Les Cruz, avril 1996

 

 

 

PERSONNE

 

 

Il s’appelle Personne et vient de nulle part. De l’aube qui ouvre la montagne, de la crevasse qui crève le calcaire, des scintillations de la neige ou des premiers ruisseaux du dégel.

Il n’est pas impossible que le soleil et la lune soient liés à sa naissance, mais on ne sait rien de certain et on ne peut qu’inventer des histoires. Toujours est-il qu’il est là, plus ou moins là, plus ou moins nommé, problématique, évanescent.

Je le vois encore comme un rêve, un reflet dans la vitre, le dessin d’un visage tracé par le givre dans un moment où il commence à faire trop chaud pour que le givre tienne. Je le vois comme un enfant de douze ou treize ans, mutique et distant, mais les formes par lesquelles il se manifeste sont changeantes.

Il n’a pas de forme fixe et il va au hasard (son but est d’aller sans but, au hasard).

Il marche seul sur la glace.

Il longe les falaises et escalade sans effort ni crampons les parois les plus glissantes.

Personne n’a rien à envier aux chamois, ni aux lièvres variables qu’il rattrape à la course et dont il partage la livrée blanche d’invisibilité, ni aux lynx dont il a la souplesse, les griffes et les dents acérées, la discrétion (du lynx, je n’ai jamais vu que les traces).

L’oiseau peut-être lui échappe car il n’a pas d’ailes. Il se rattrape en imitant son cri.

Quand le corbeau appelle, Personne fait écho. Quand le chamois tombe et se blesse, Personne est près de lui pour le soigner ou l’accompagner dans ses derniers moments.

Son territoire est vaste. Il l’habite tout entier sans jamais en épuiser les trésors, comme la lumière habite la terre sans rien lui prendre mais avec une générosité sans objet.

Personne est ombre et lumière.

Pour attraper les lièvres il connaît toutes les ruses (il n’y pas plus rusé que lui sans doute – il a d’ailleurs de qui tenir, par un de ses ancêtres et homonyme occasionnel plus civilisé et méridional que lui).

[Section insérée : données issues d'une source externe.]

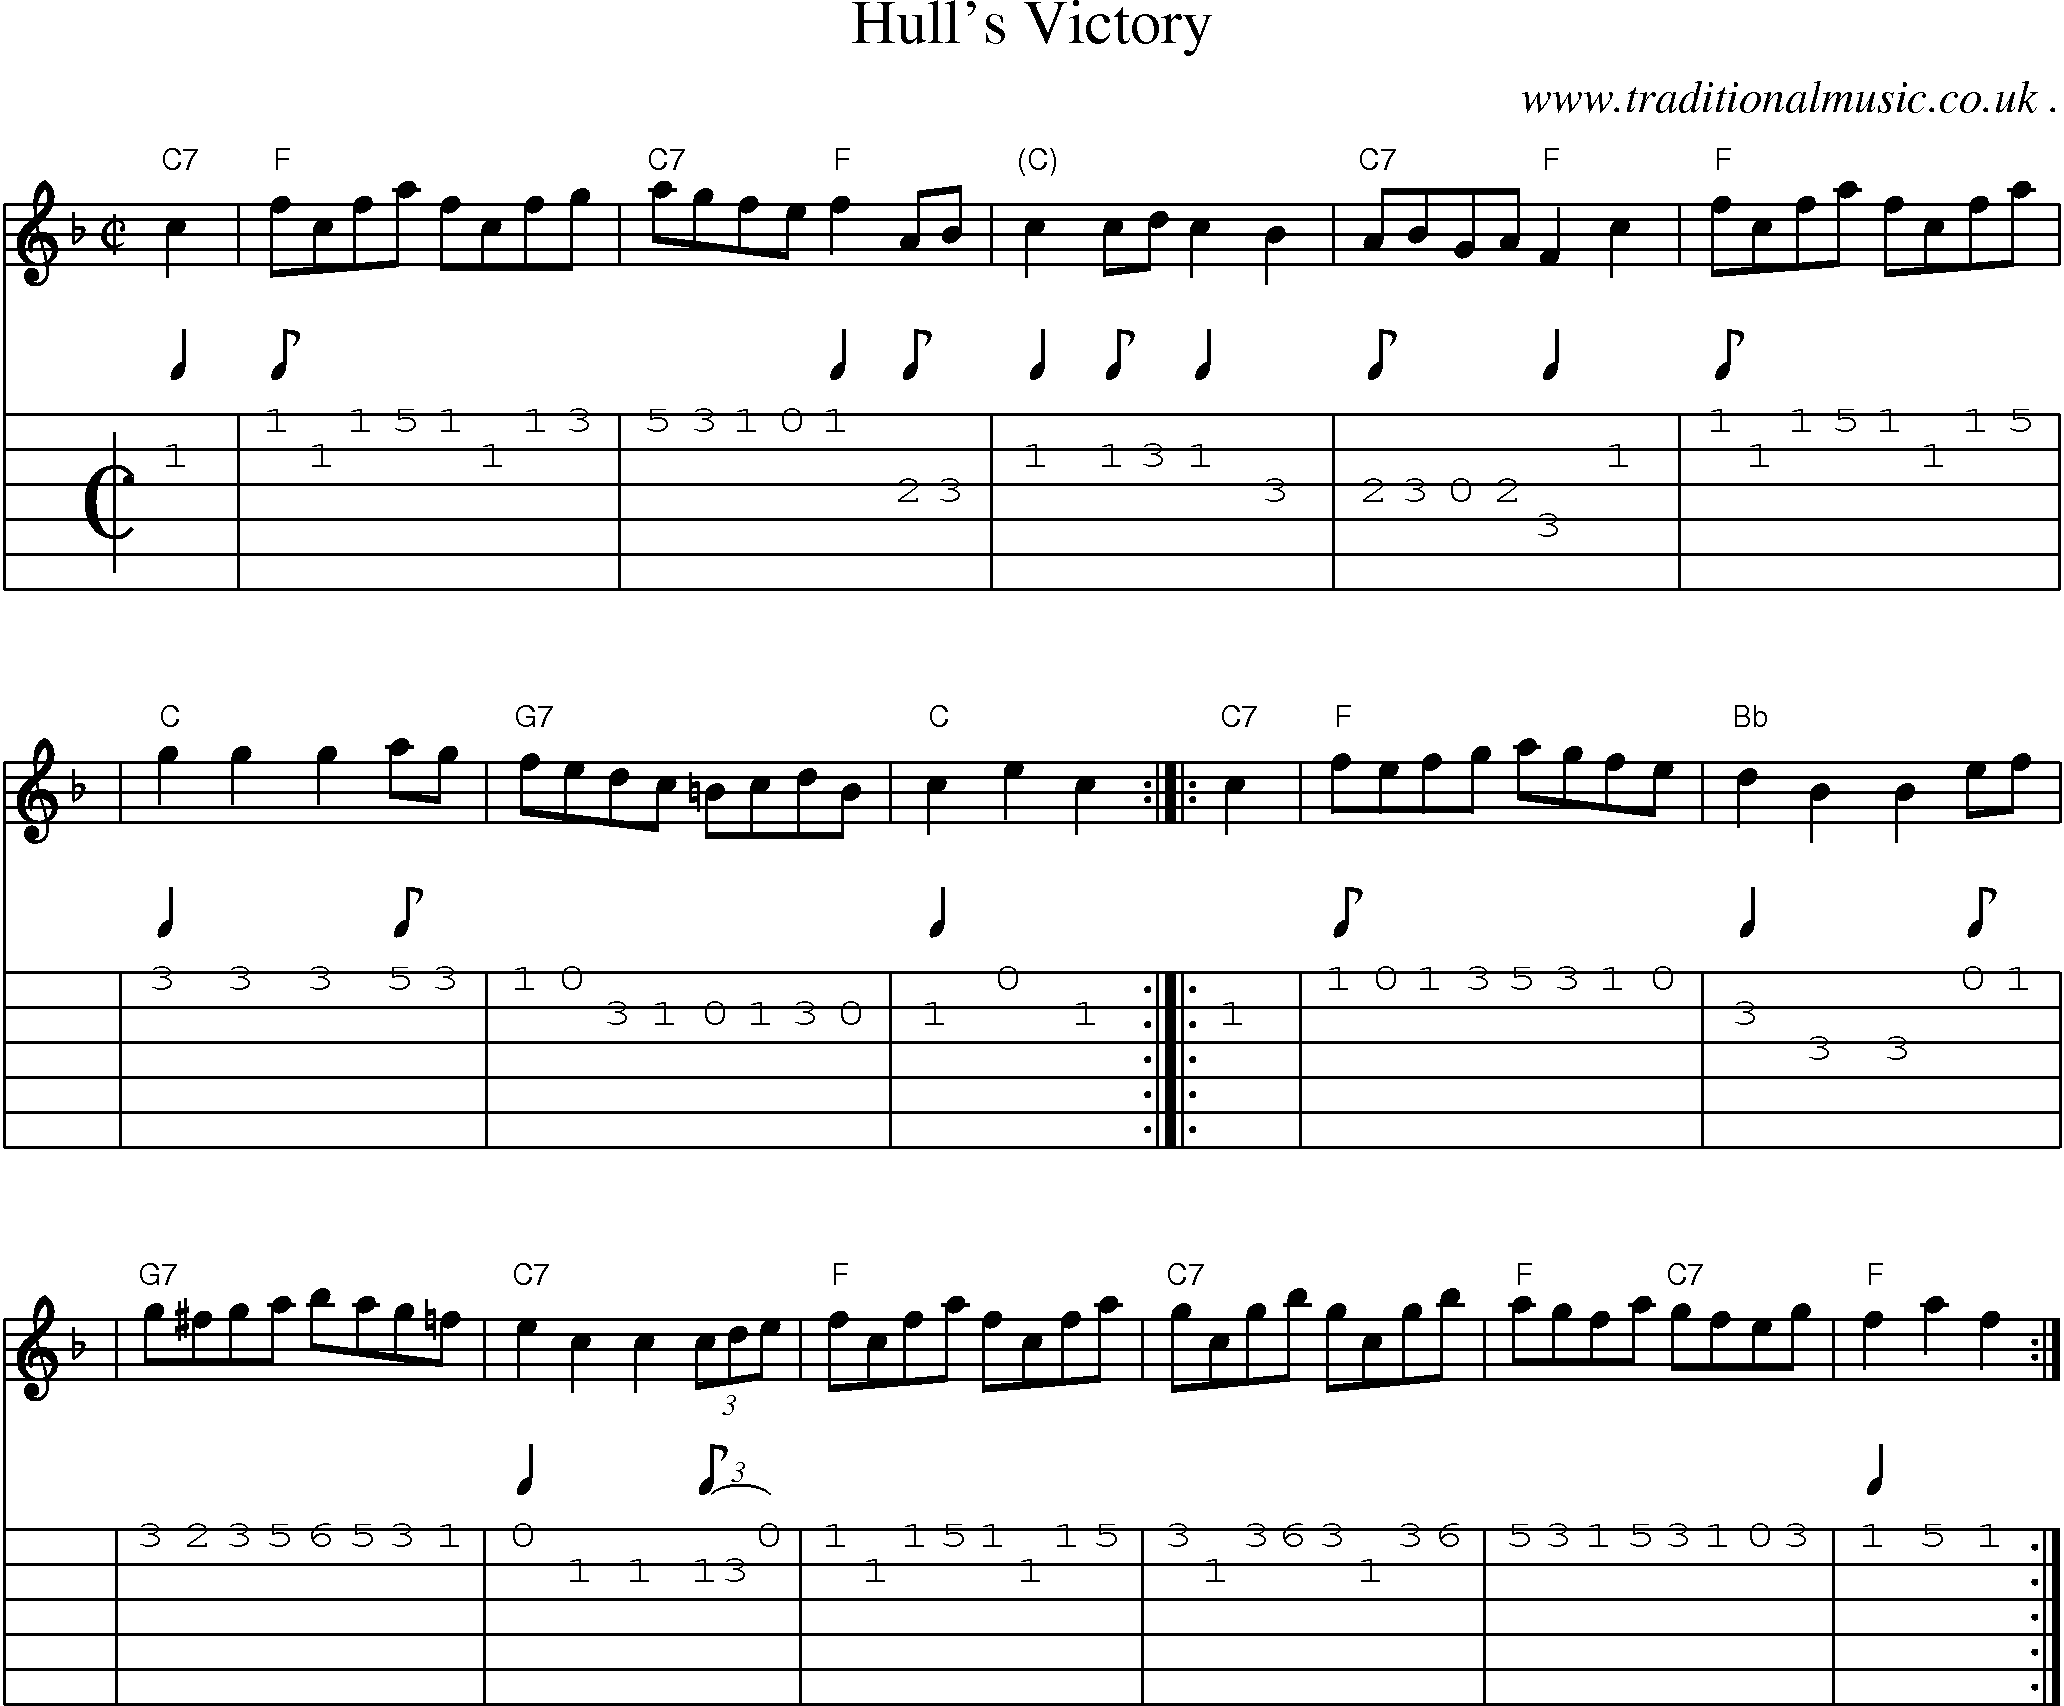 Sheet-music  score, Chords and Guitar Tabs for Hulls Victory

Personne connaît intimement chaque animal, chaque fleur, chaque arbre, chaque buisson, chaque rocher, bien mieux qu’il ne pourrait connaître son propre corps, auquel il ne s’identifie pas.

Personne connaît chaque détail de son territoire mais, par distraction, oublie tout à chaque fois que le soleil se couche et doit tout réapprendre lorsque l’aube revient. Personne demeure ainsi comme un enfant, qui sait peu, qui sent tout, qui apprend, retient et oublie vite.

Si un poète est un rêveur plus ou moins doucereux qui ne sait pas où il marche, personne ne l’est moins que Personne. Personne n’est moins bavard que Personne non plus : s’il lui arrive de nommer un pic, il dit : « le pic ». S’il salue la fleur, c’est dans son propre langage parfumé ou en l’appelant « fleur » (à ce jour aucune fleur n’en a jamais été froissée ; il faut vraiment être très maladroit pour abimer une fleur avec des mots…). Si la rondeur d’une colline l’émerveille il ne dira même pas : « ce beau sein rond ». Il la caressera du regard ou du bout des doigts et continuera son chemin.

Le langage que Personne préfère est celui des oiseaux.